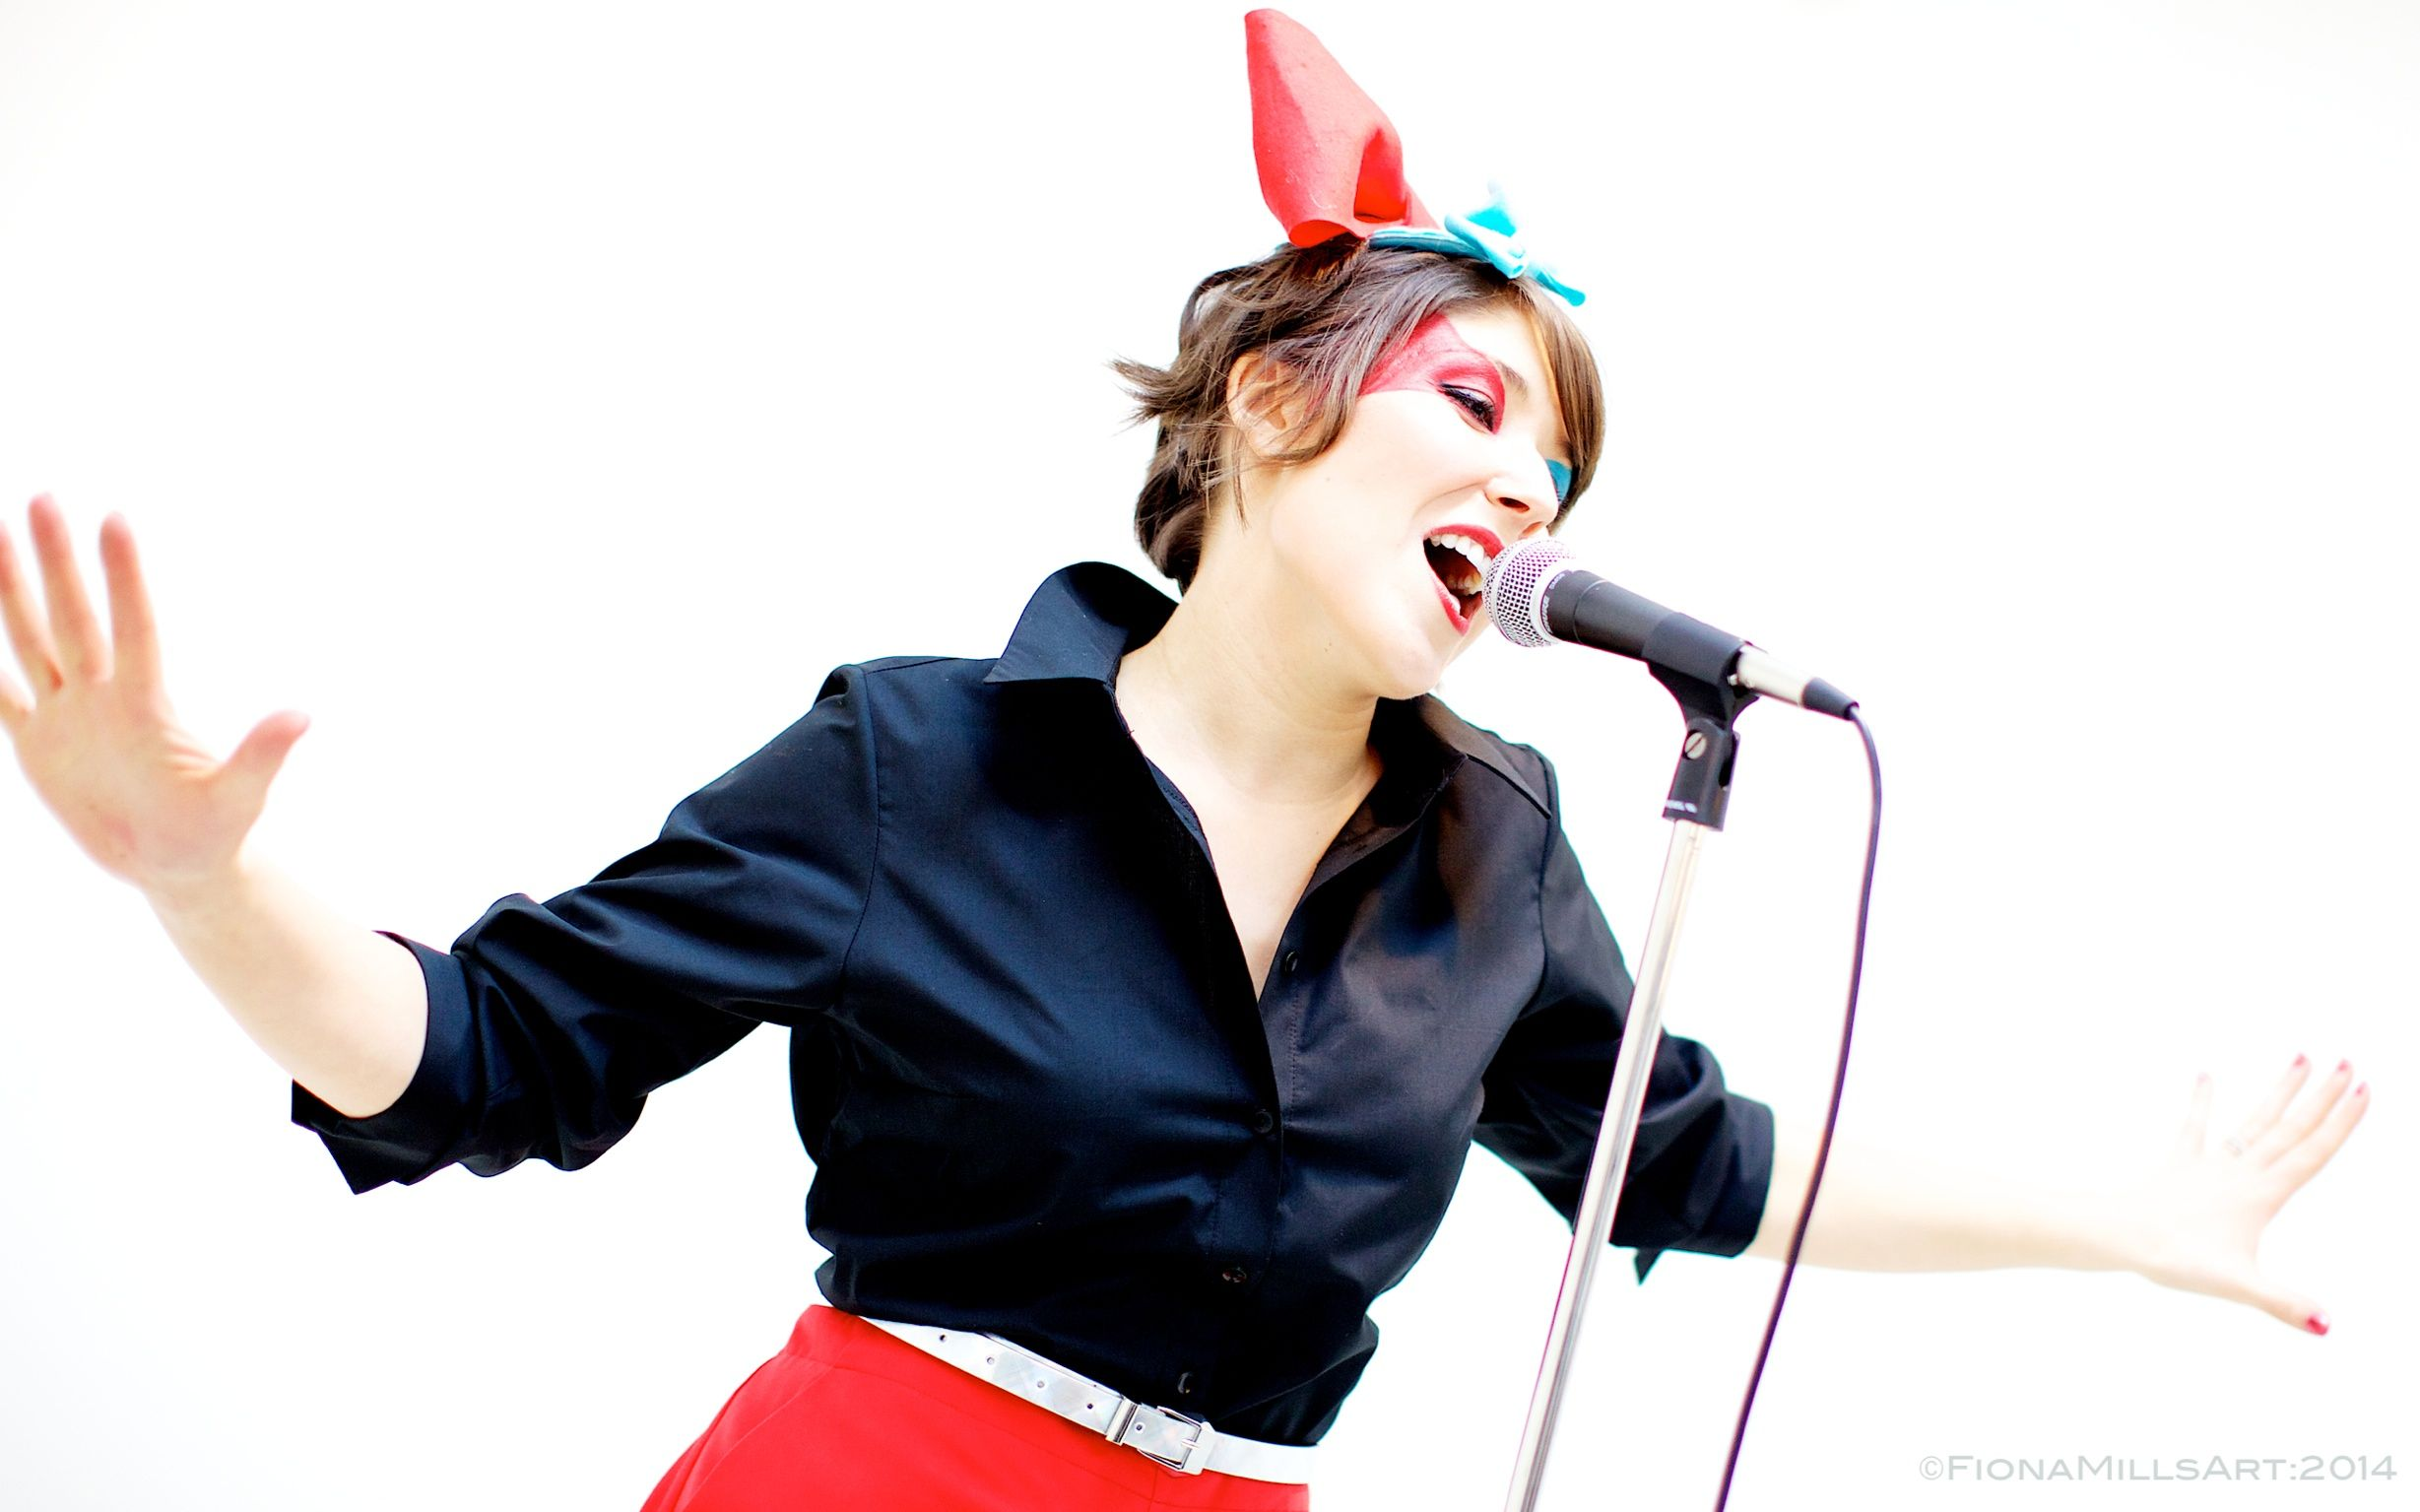 Band promo pics. Lead singer, lady vocalist. High key high
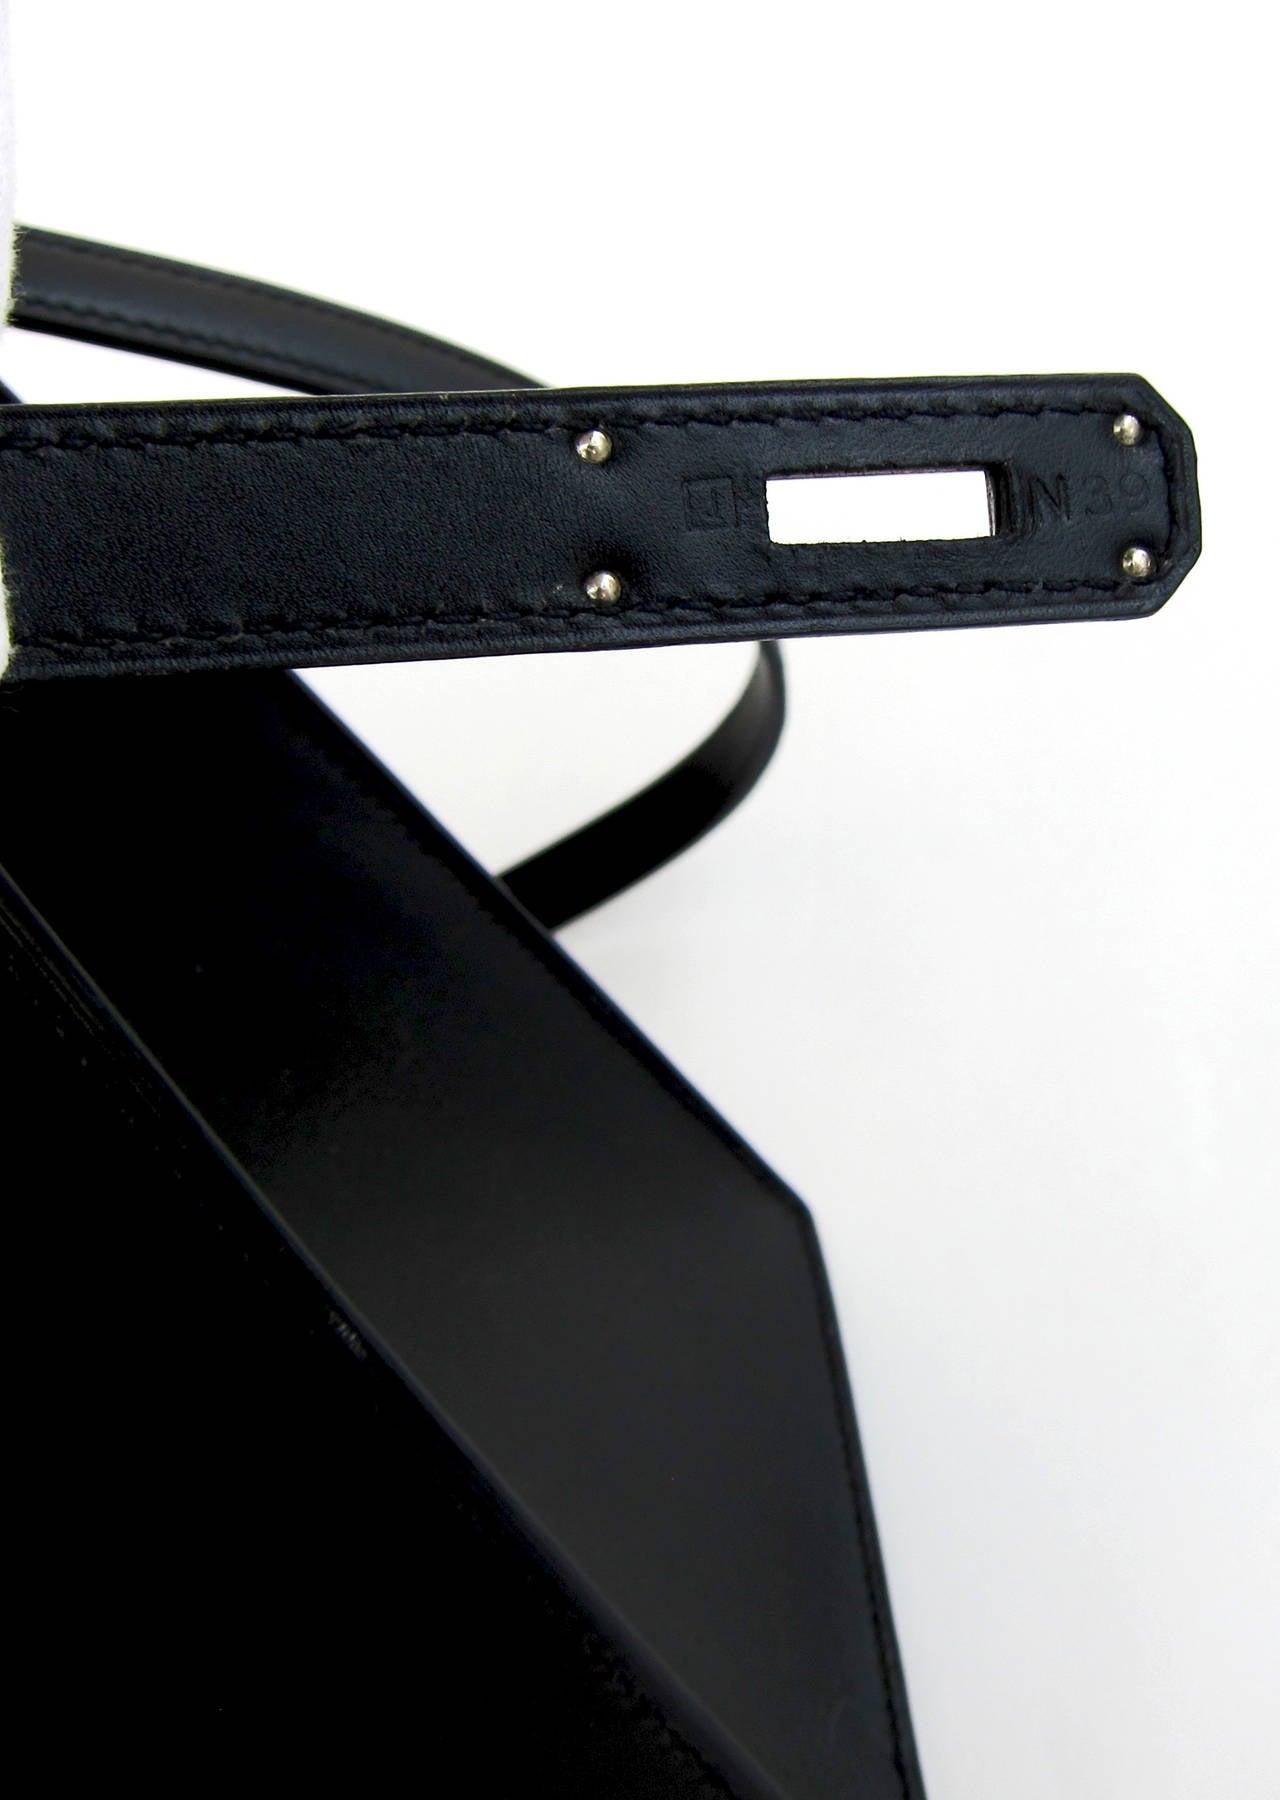 hermes orange bag - hermes kelly bag 32cm sellier black box palladium hardware, best ...
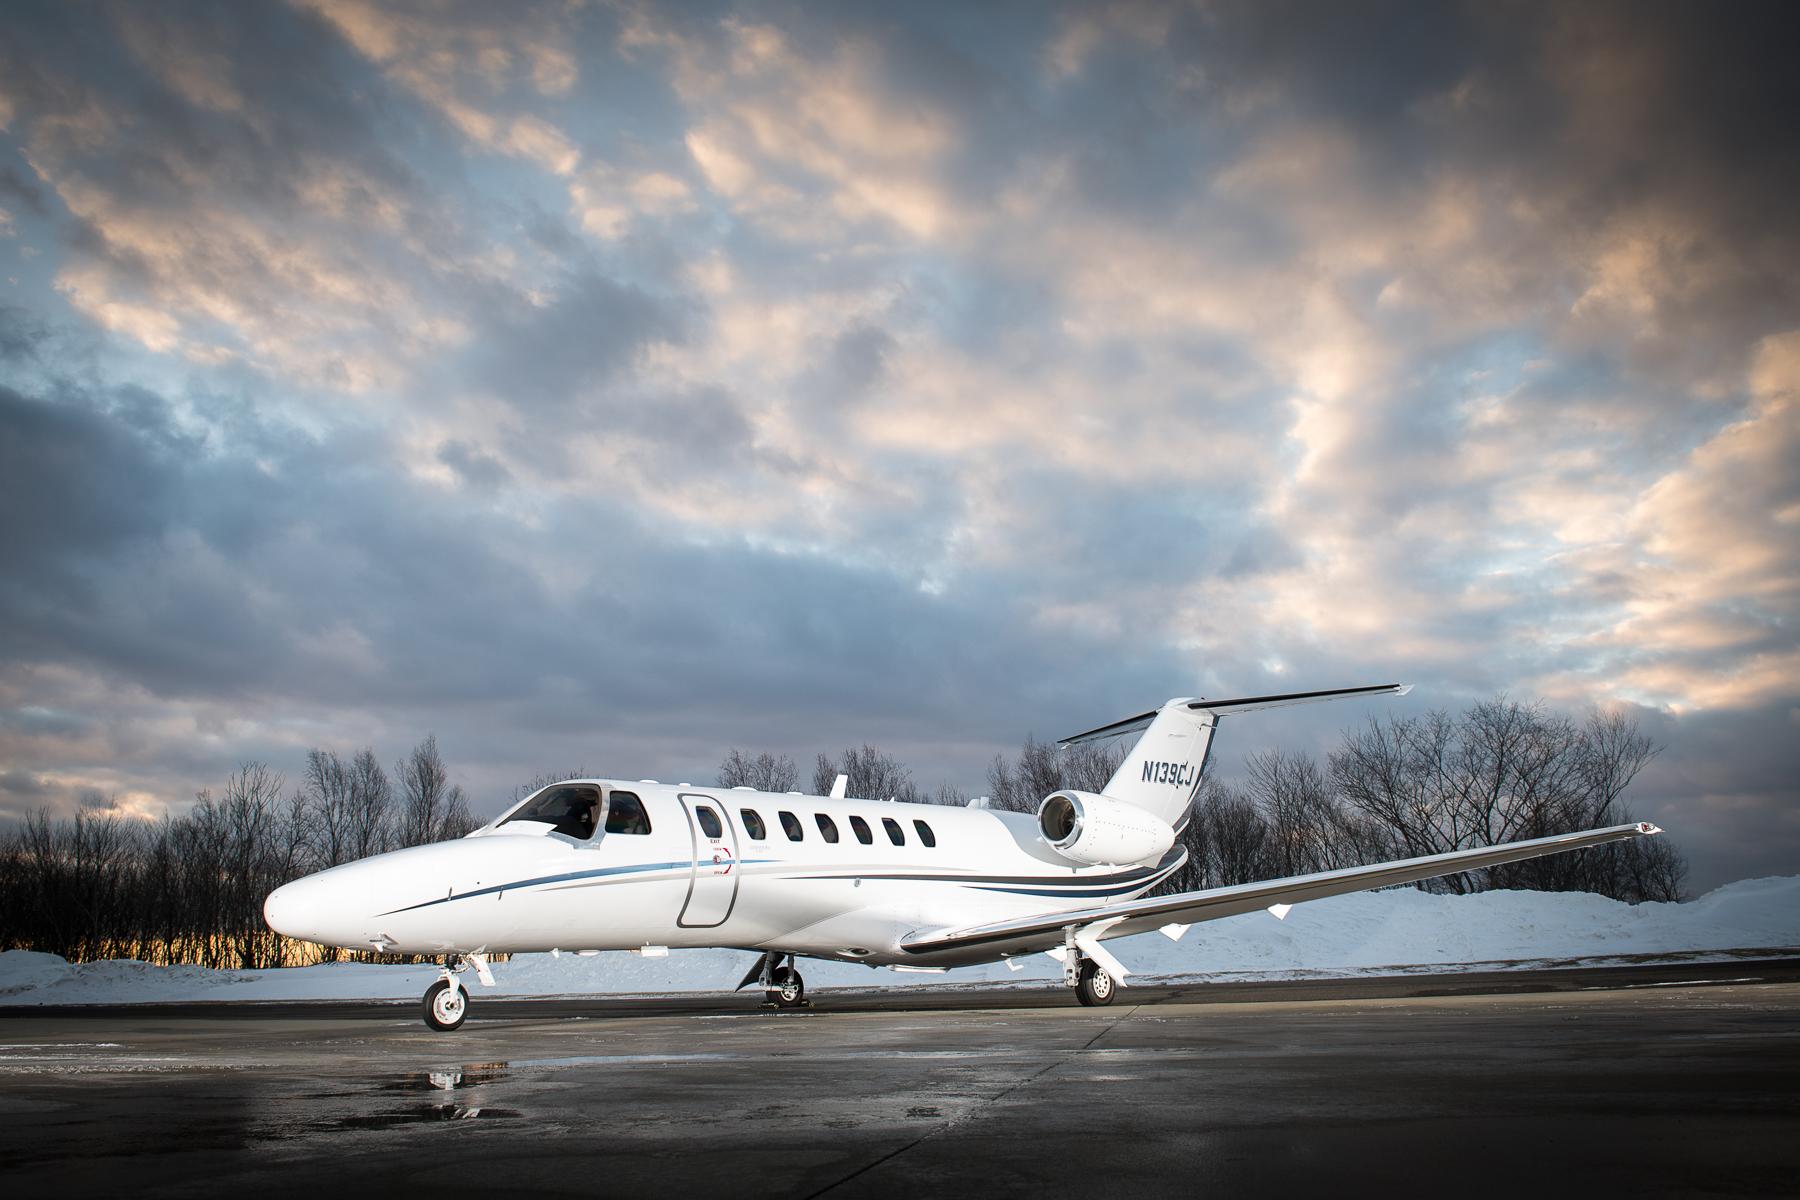 Citation_CJ3_Exterior_Light-Jet_Legacy_Aviation_Private_Jet_NetJets_jet_charter_TEB_VNY_MIA_PBI_FRG_SFO_FLL_FXE_BED

==================================================

→ ASSIGNMENT: The whole of the data above needs retyping exactly, with pictures omitted.

→ RESPONSE TO THE EXERCISE:
 Band promo pics. Lead singer, lady vocalist. High key high
 hermes orange bag - hermes kelly bag 32cm sellier black box palladium hardware, best ...
 Citation_CJ3_Exterior_Light-Jet_Legacy_Aviation_Private_Jet_NetJets_jet_charter_TEB_VNY_MIA_PBI_FRG_SFO_FLL_FXE_BED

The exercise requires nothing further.